In the copy you make of the entries, no picture should appear, and every word must match.
━━━━━━━━━━
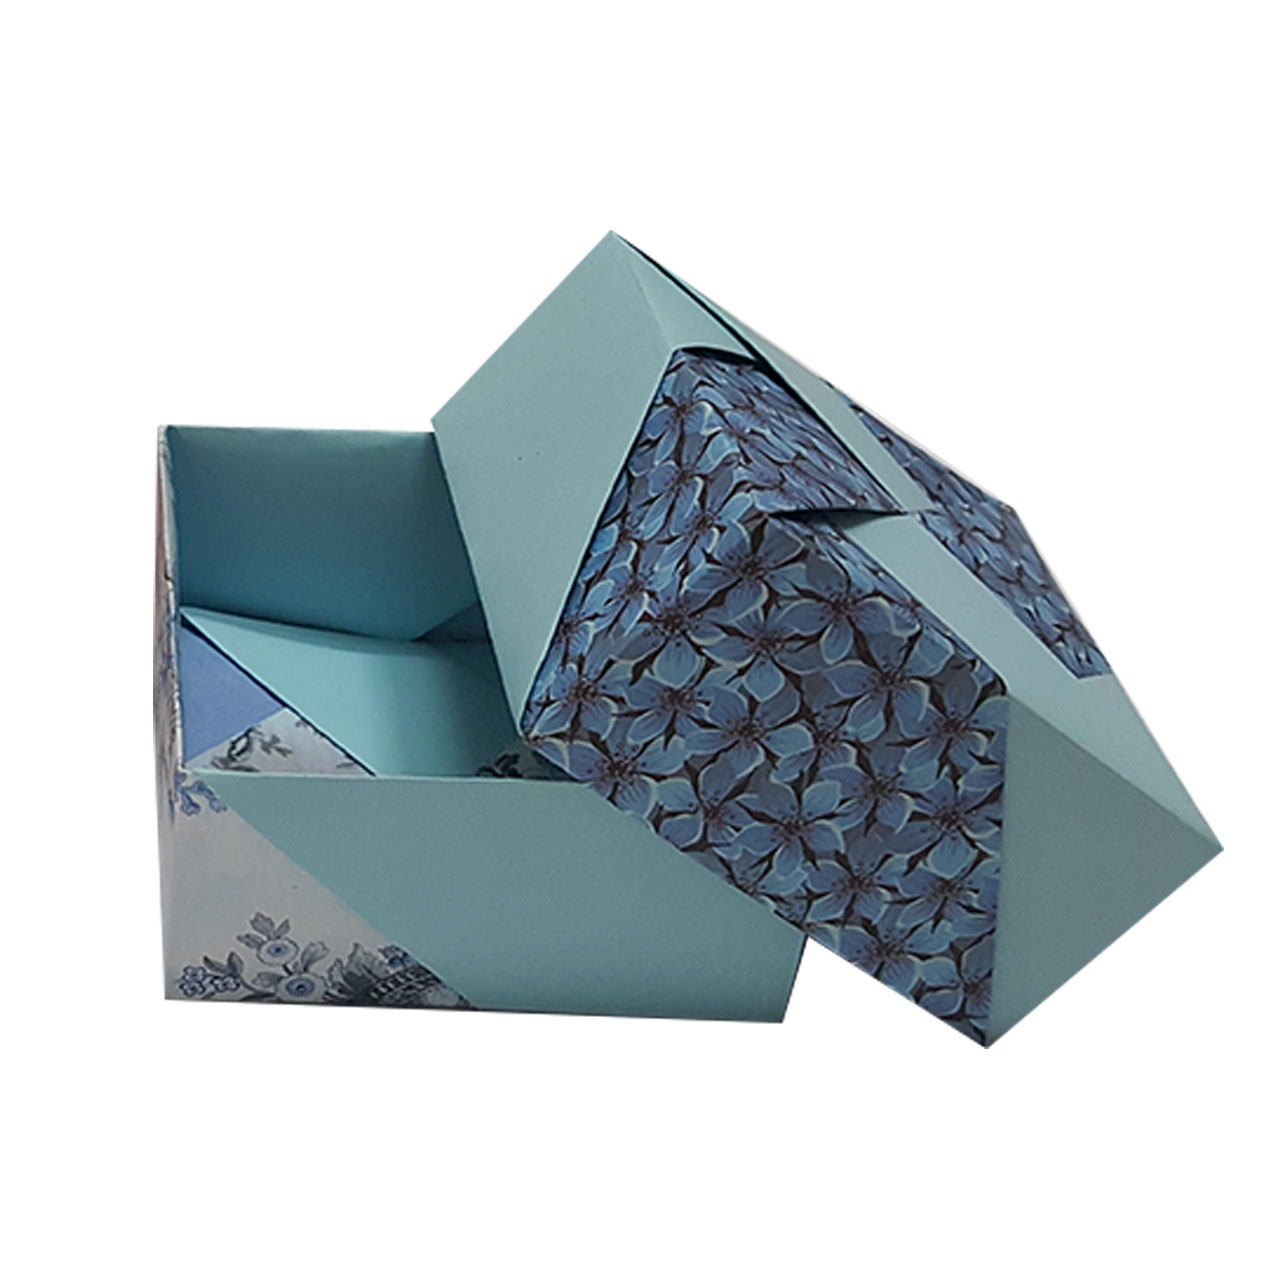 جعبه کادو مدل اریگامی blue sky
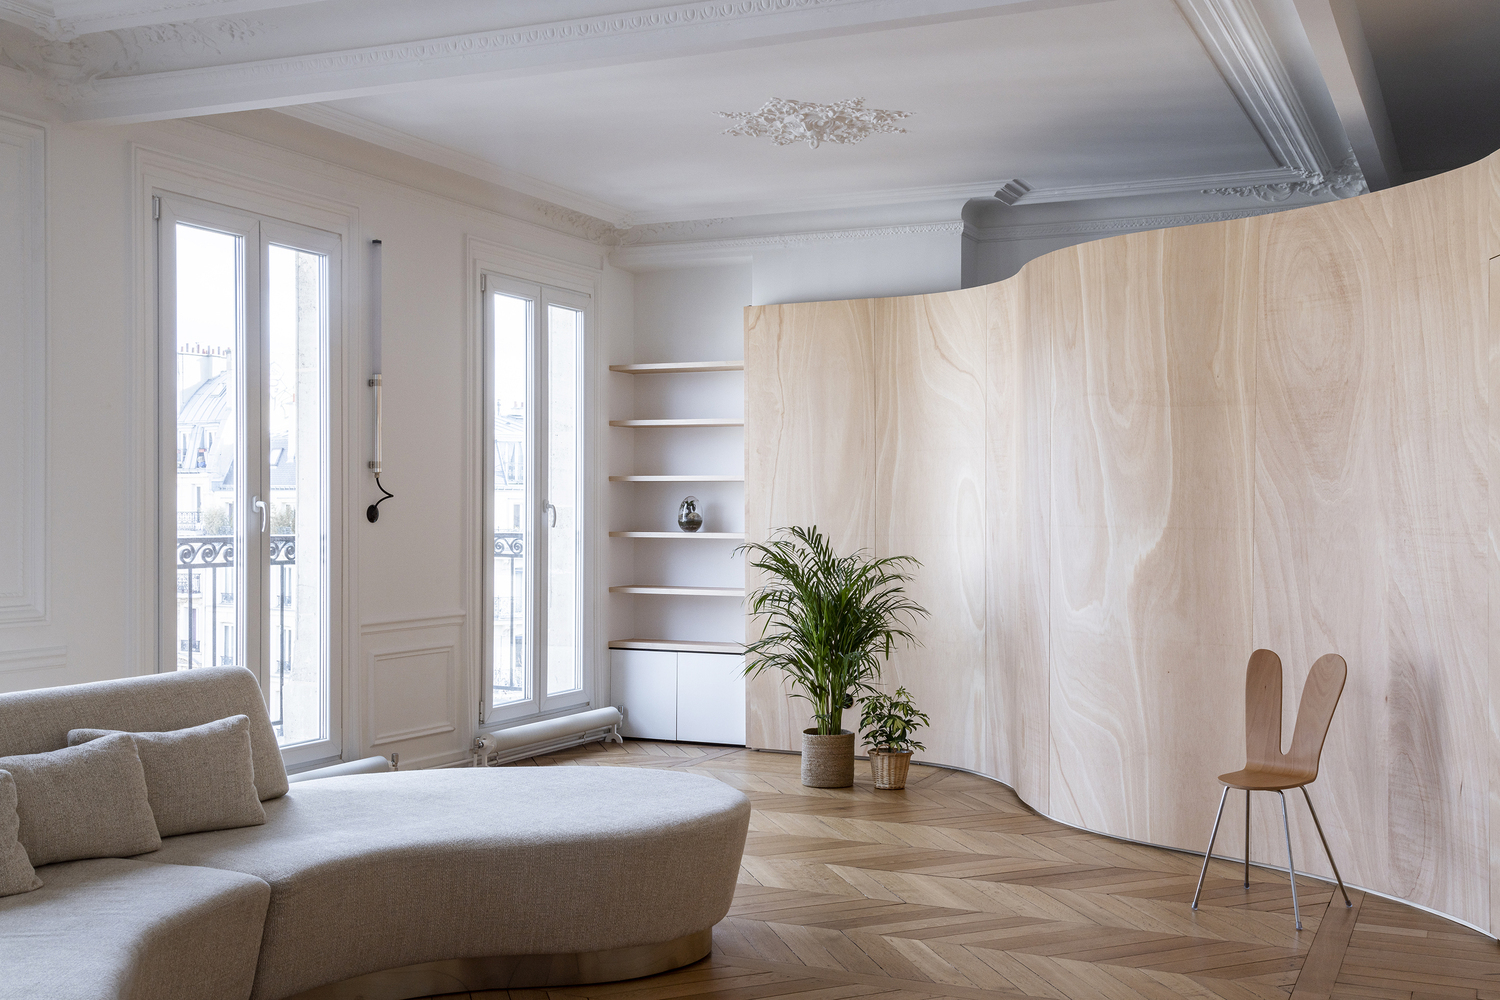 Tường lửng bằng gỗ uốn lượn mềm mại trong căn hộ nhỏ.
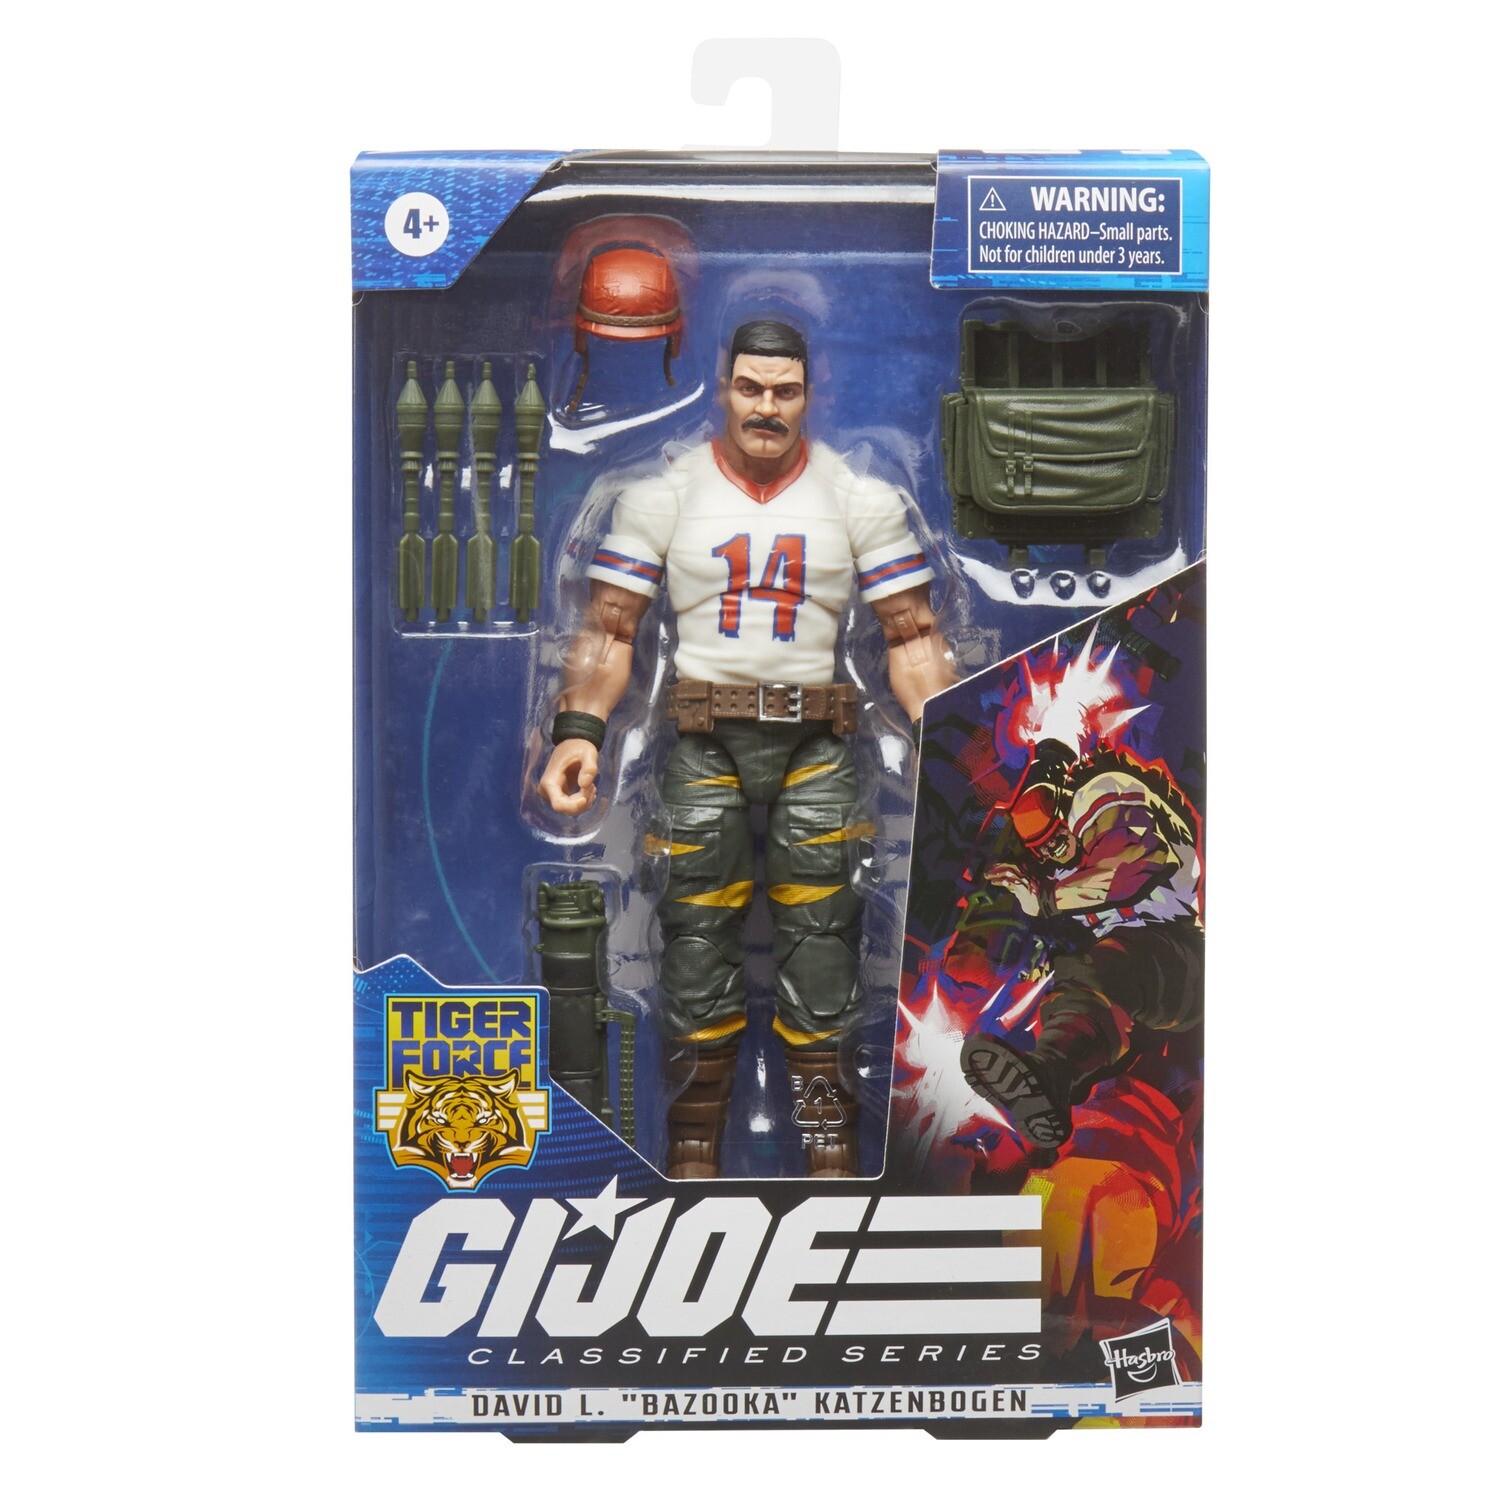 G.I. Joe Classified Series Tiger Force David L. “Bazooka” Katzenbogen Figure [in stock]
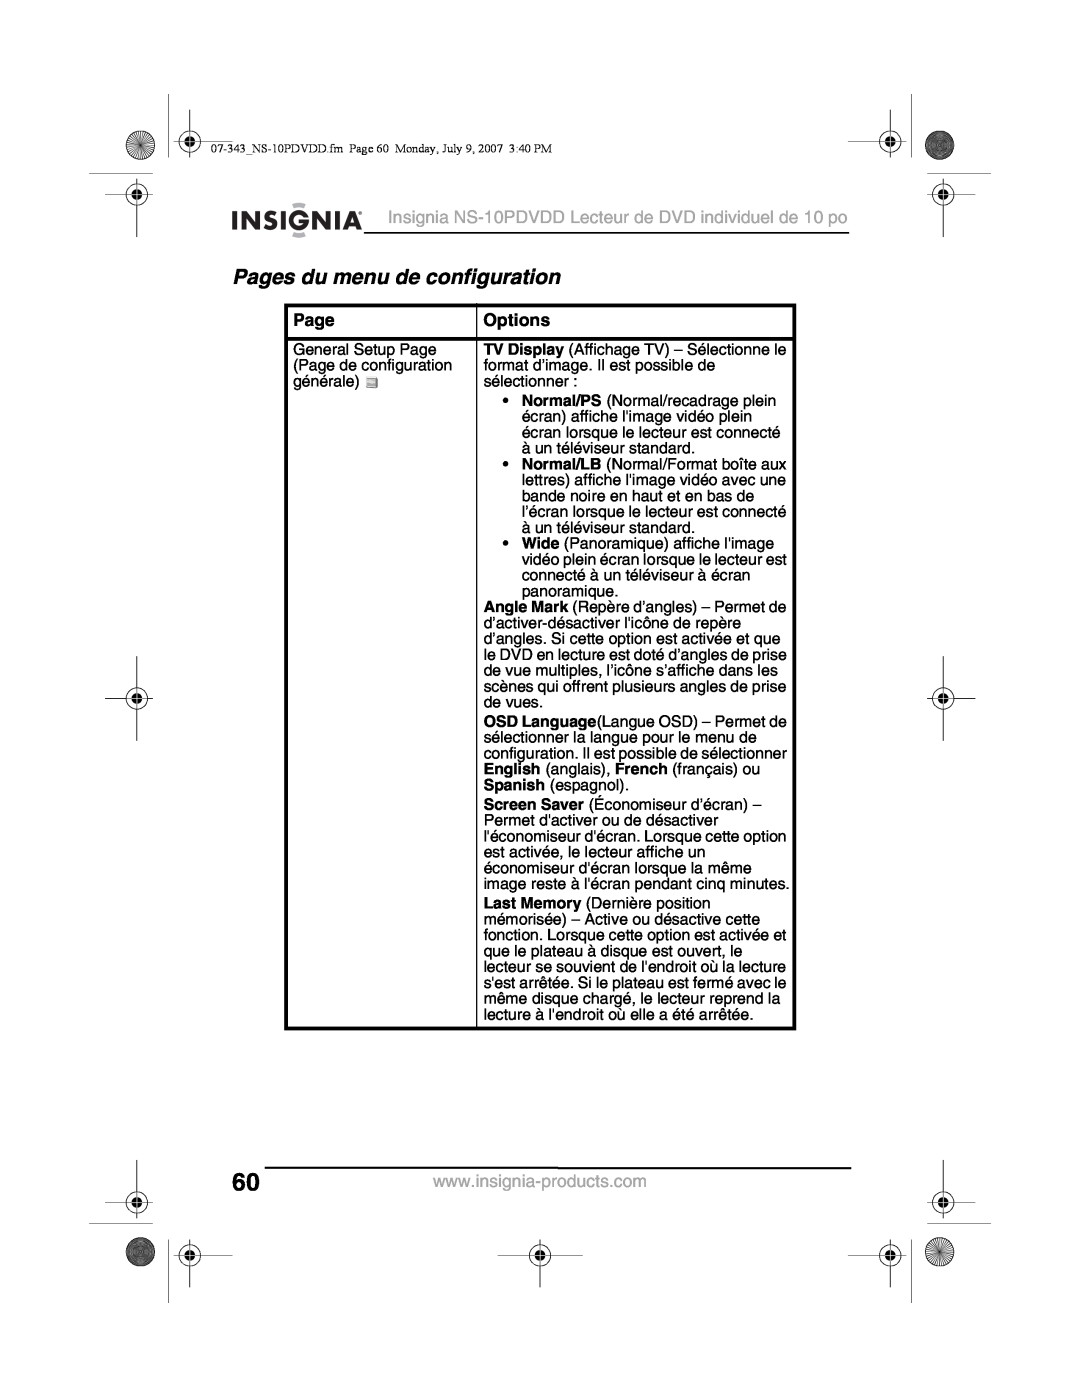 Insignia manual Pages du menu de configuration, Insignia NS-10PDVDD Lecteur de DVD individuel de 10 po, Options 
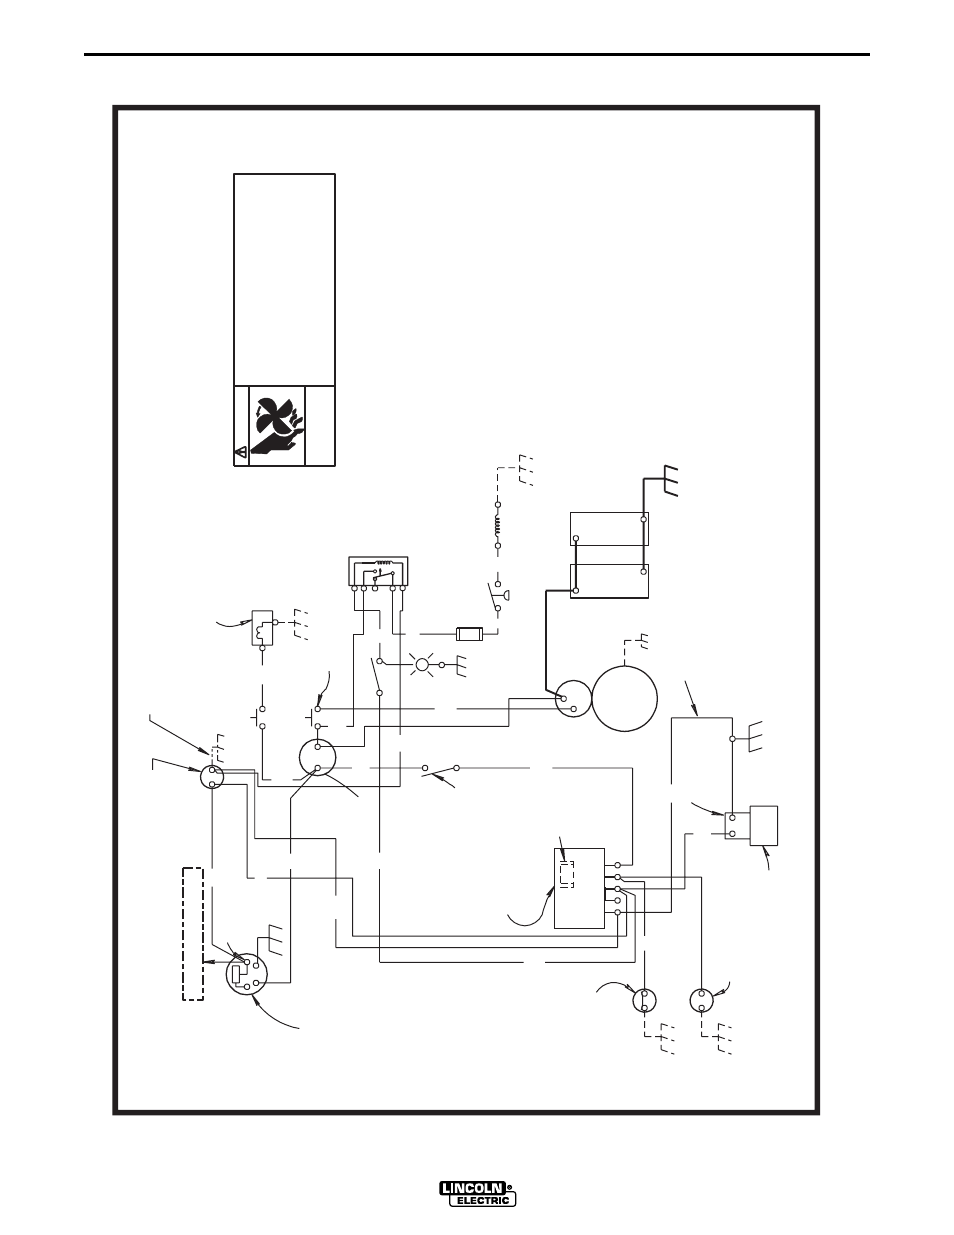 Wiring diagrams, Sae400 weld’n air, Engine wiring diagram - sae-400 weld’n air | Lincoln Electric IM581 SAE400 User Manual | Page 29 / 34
━━━━━━━━━━
## Response below
 جعبه کادو مدل اریگامی blue sky
 Tường lửng bằng gỗ uốn lượn mềm mại trong căn hộ nhỏ.
 G.I. Joe Classified Series Tiger Force David L. “Bazooka” Katzenbogen Figure [in stock]
 Insignia manual Pages du menu de configuration, Insignia NS-10PDVDD Lecteur de DVD individuel de 10 po, Options 
 Wiring diagrams, Sae400 weld’n air, Engine wiring diagram - sae-400 weld’n air | Lincoln Electric IM581 SAE400 User Manual | Page 29 / 34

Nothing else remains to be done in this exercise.